Another important indication by one who has full right to speak for Marx is contained in Fr. Engels’ views regarding the State. After the proletariat have seized political power and transformed the means of production into State property, the State will cease to exist. In the old societies the State was an organisation of the exploiting class for the maintenance of the conditions of exploitation that suited it. Officially the representatives of the whole society, the exploiting class only represented itself. But when the State at last becomes the real representative of the whole society it renders itself superfluous. In a society which contains no subject class, from which class rule and the anarchy of production and the collisions and excesses of the struggle for individual existence have been removed, there is nothing to repress, and no need for a repressing force like the State. The first act wherein the State really appears as representative of the entire society—the appropriation of the means of production in the name of society—is also its last independent act as State. In place of the government over persons, there will be an administration of things and the control of productive processes. The State is not abolished; it dies away.[[6]]
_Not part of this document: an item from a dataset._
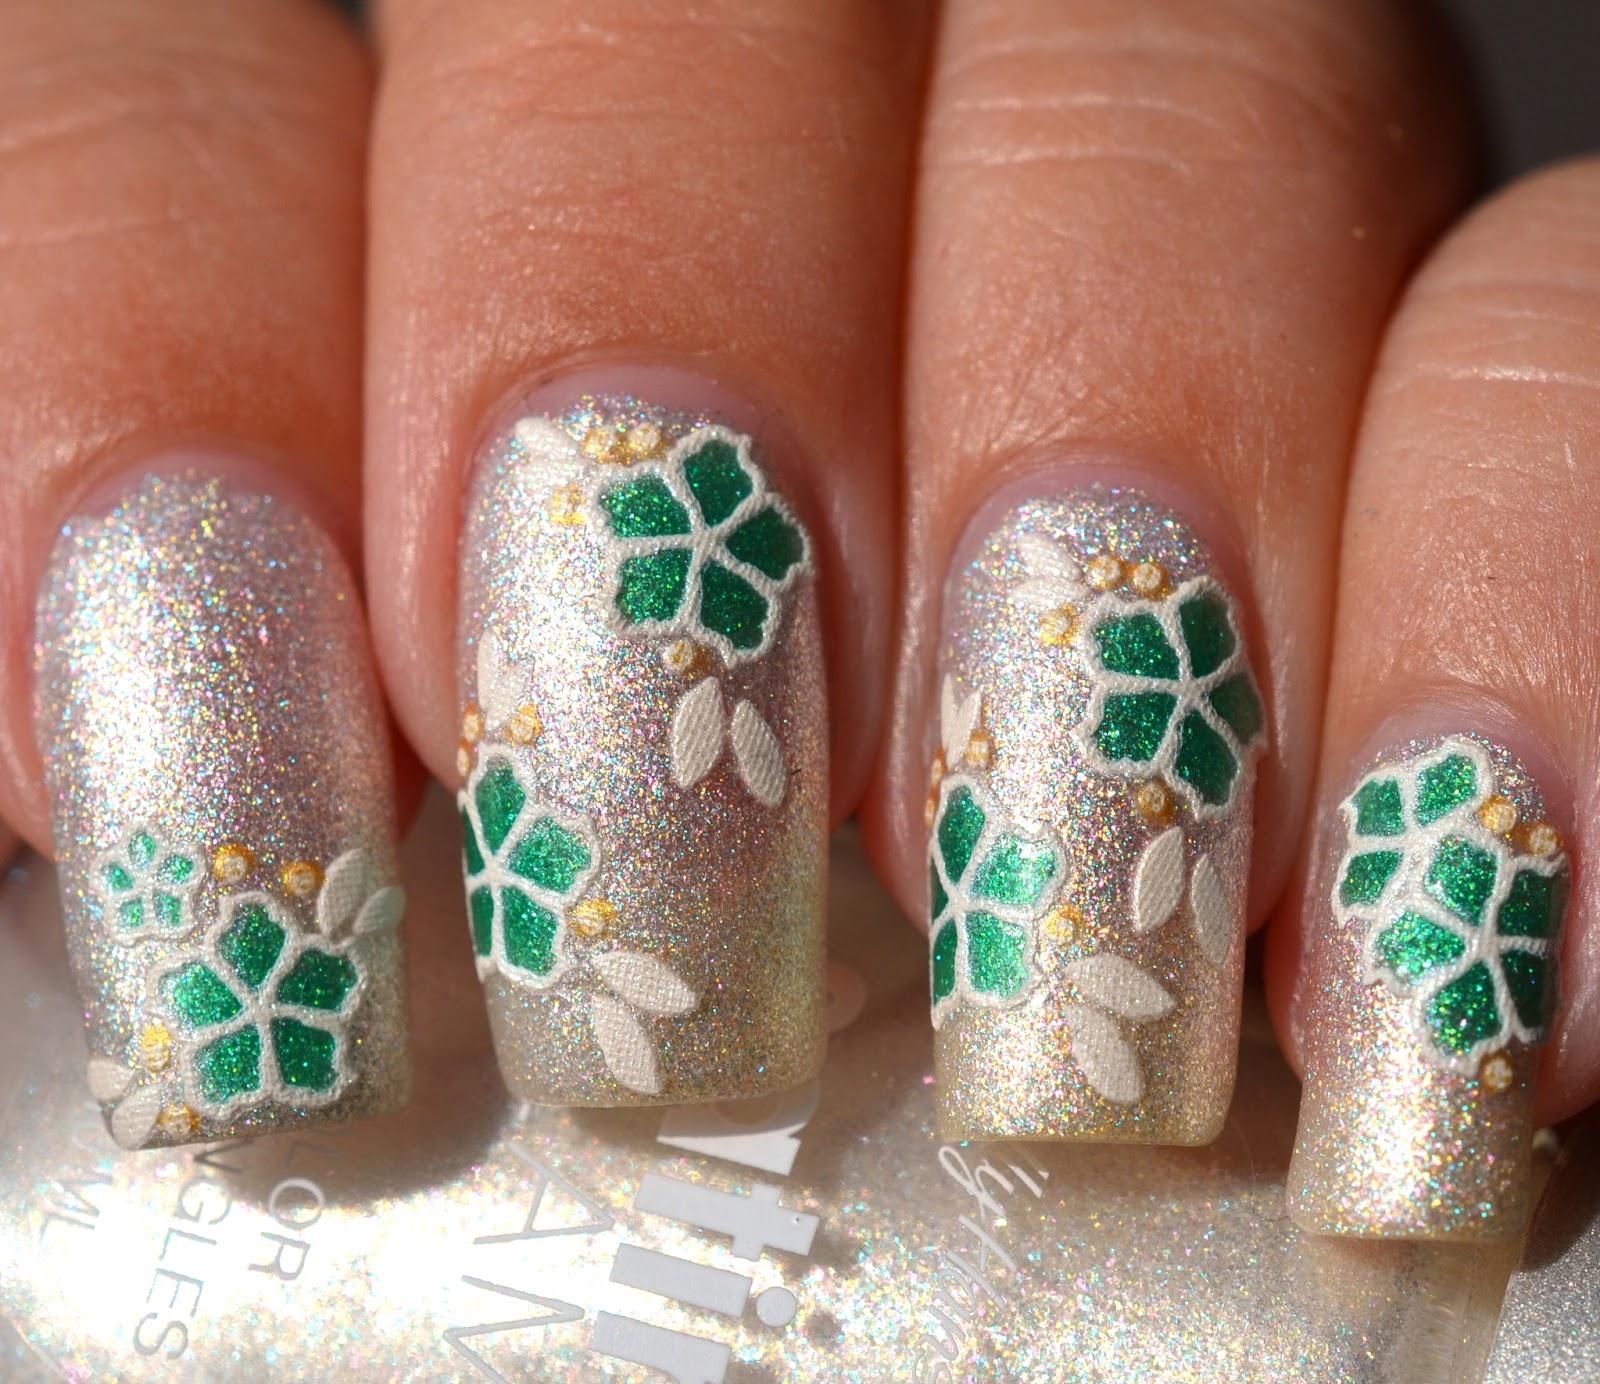 http://lenas-sofa.blogspot.de/2014/06/sally-hansen-satin-glam-02-crystalline.html

In effect, these two indications of opinion point to a condition of society which is not fundamentally different from that contemplated by the anarchist school. Both look forward to a period when men will live in free associations, and when the administration of social affairs will be conducted without the exercise of compulsion.

It will have been seen that what Marx and his school contemplate is an economic revolution brought about in accordance with the natural laws of historic evolution. But in order to understand the full import of this revolution in the mind of Marx, we must remember that he regards the economic order of society as the groundwork of the same, determining all the other forms of social order. The entire legal and political structure, as well as philosophy and religion, are constituted and controlled in accordance with the economic basis. This is in harmony with his method and his conception of the world, which is the Hegelian reversed: ‘For Hegel the thought process, which he transforms into an independent subject under the name idea, is the creator of the real, which forms only its external manifestation. With me, on the contrary, the ideal is nothing else than the material transformed and translated in the human brain.’ His conception of the world is a frank and avowed materialism.
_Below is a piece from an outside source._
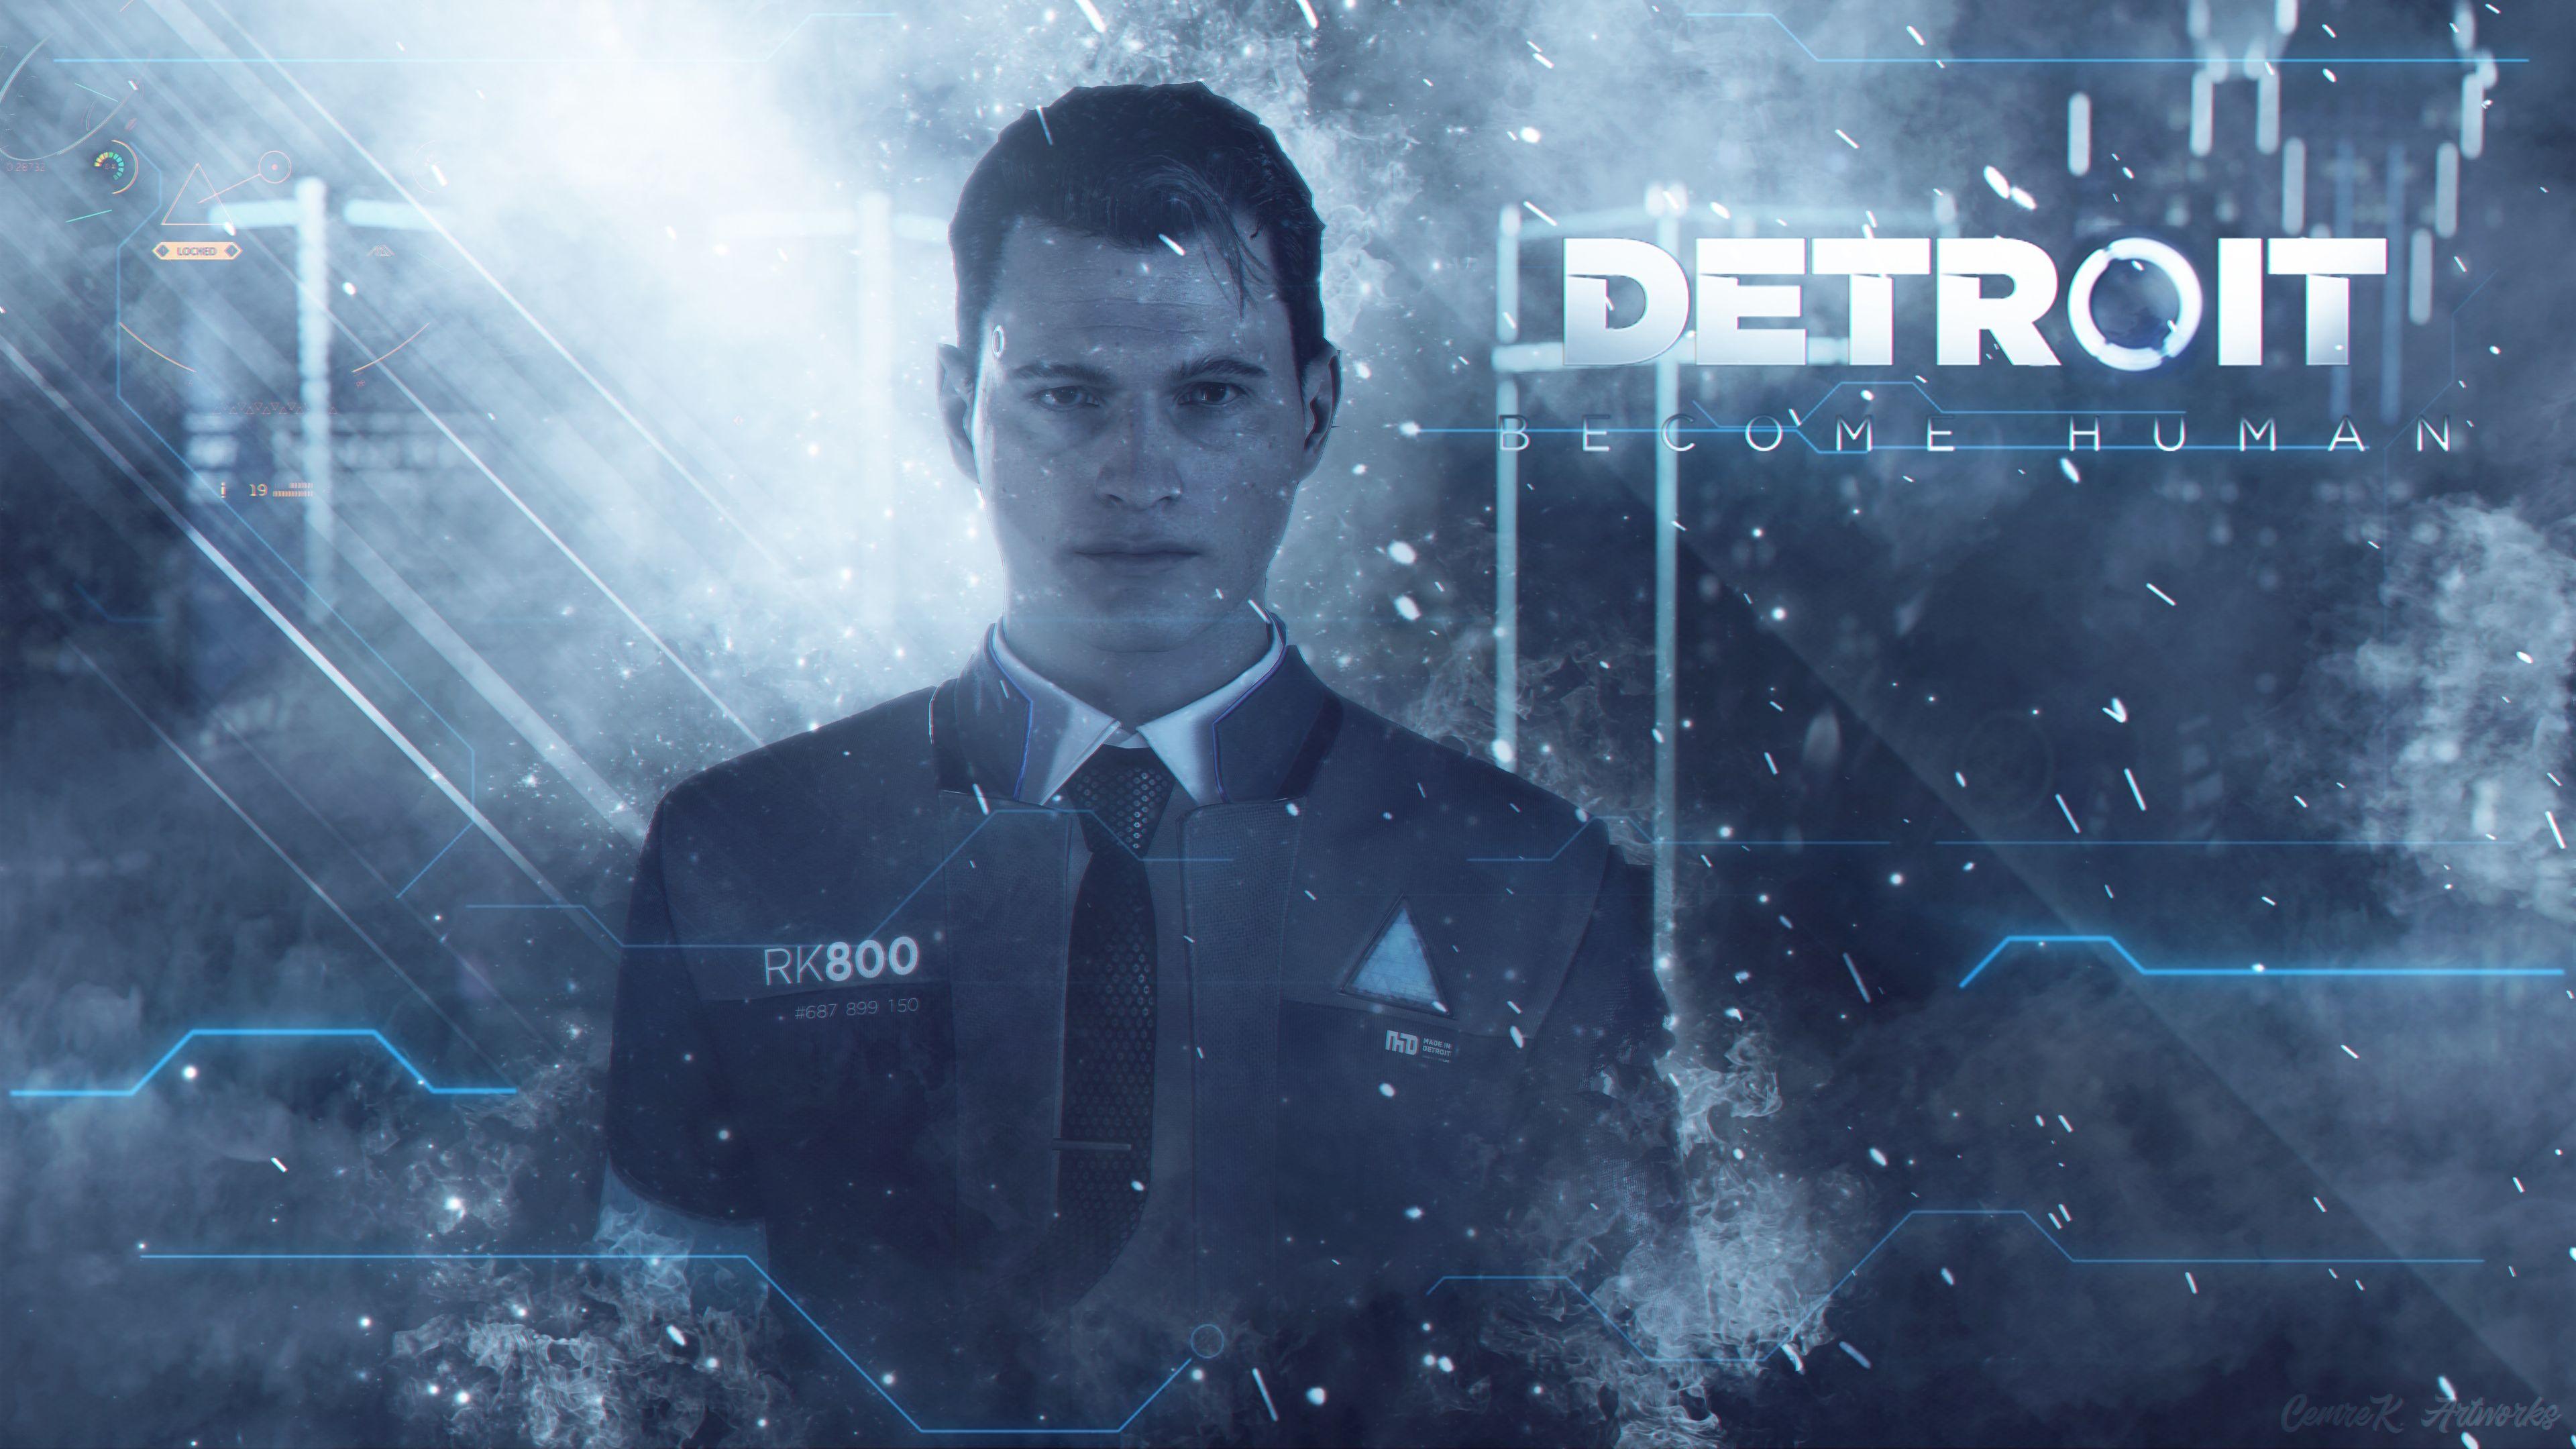 Detroit Human Connor Wallpaper by Cemreksdmr

And to a world thus understood he applies the dialectic method of investigation. Dialectic is a word current in the Hegelian and other philosophies. It sounds rather out of place in a materialistic view of the world. In the system of Marx it means that the business of inquiry is to trace the connection and concatenation in the links that make up the process of historic evolution, to investigate how one stage succeeds another in the development of society, the facts and forms of human life and history not being stable and stereotyped things, but the ever-changing manifestations of the fluent and unresting real, the course of which it is the duty of science to reveal. Both Marx and Fr. Engels, moreover, are fond of expressing the development of capitalism in the language of the well-known Hegelian threefold process—thesis, antithesis, and synthesis. Private property resting on a man’s own labour of the former times is the thesis. The property resting on other men’s labour of the capitalistic era is the negation of this individual property. The expropriation of the capitalists by the proletariat is the negation of the negation, or synthesis. But how far this use of the Hegelian terms is merely a form of literary expression, or how far it is a survival in Marx of a real belief in Hegelianism, it is not easy to determine.[[7]]
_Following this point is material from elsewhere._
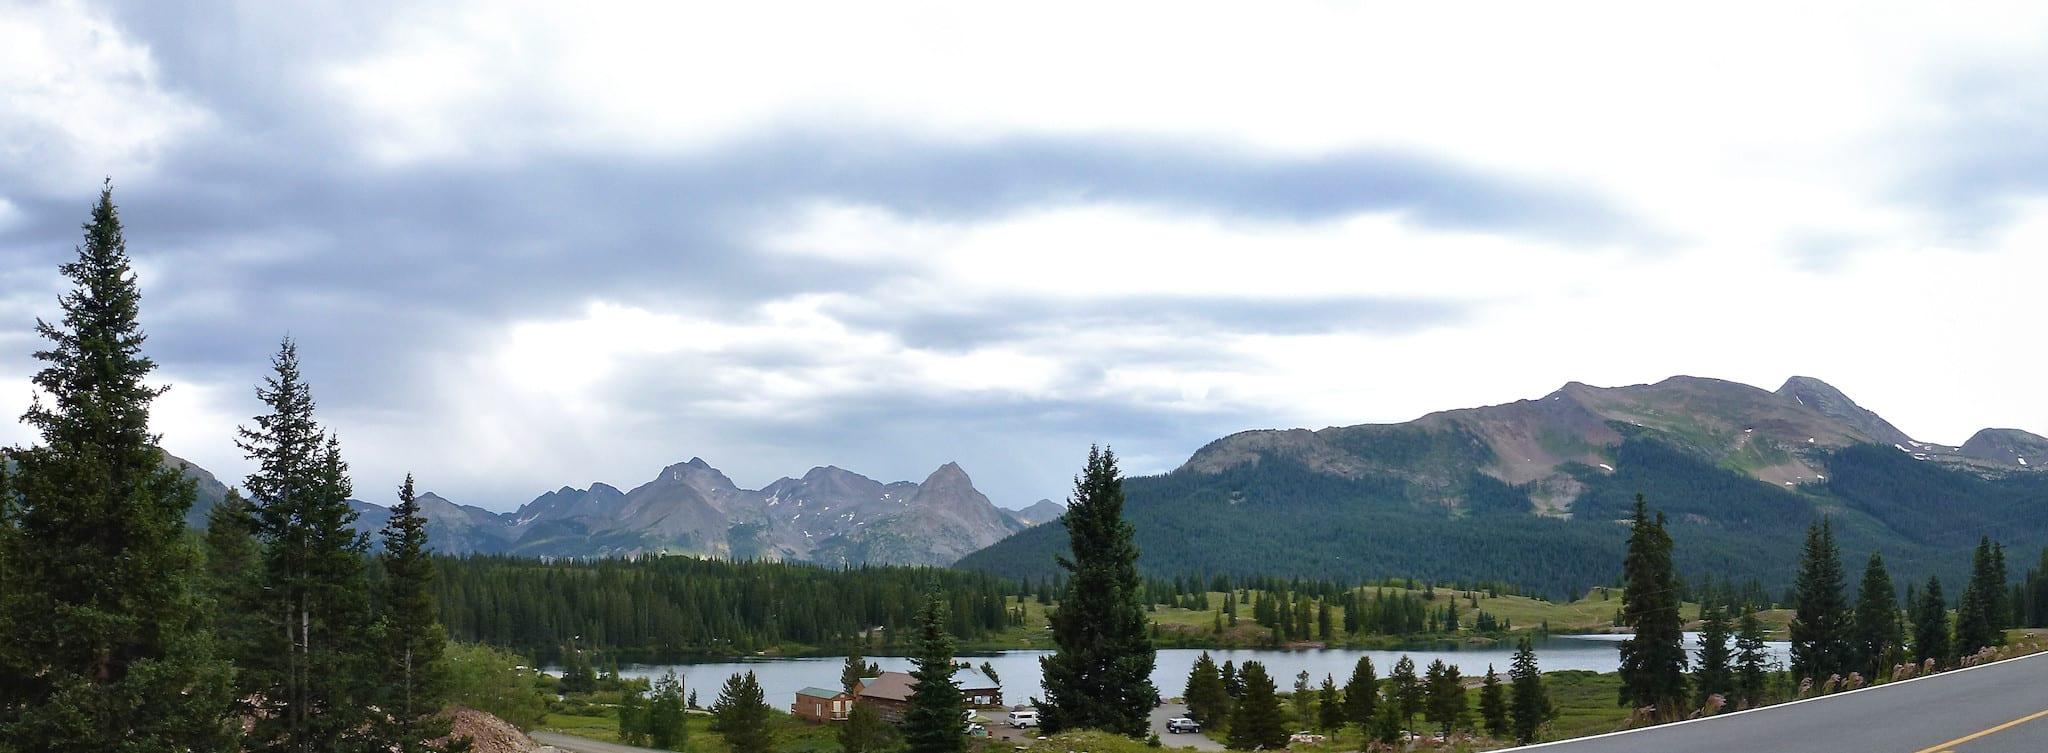 Molas Lake Park and Campground Silverton CO

The whole position of the Marx school may be characterised as evolutionary and revolutionary socialism, based on a materialistic conception of the world and of human history. Socialism is a social revolution determined by the laws of historic evolution—a revolution which, changing the economic groundwork of society, will change the whole structure.

It may now be convenient to sum up the socialism of the Marx school under the following heads:—

(1) Materialistic conception of the world and of history.

(2) Dialectic method of investigation.

(3) The economic order is the basis of all social order; the entire legal and political structures of society, religion, and philosophy are to be explained in accordance with the economic basis.

(4) The historic evolution of capitalism; how, from the fifteenth century onwards, the capitalist class was developed, and how a corresponding proletariat was created.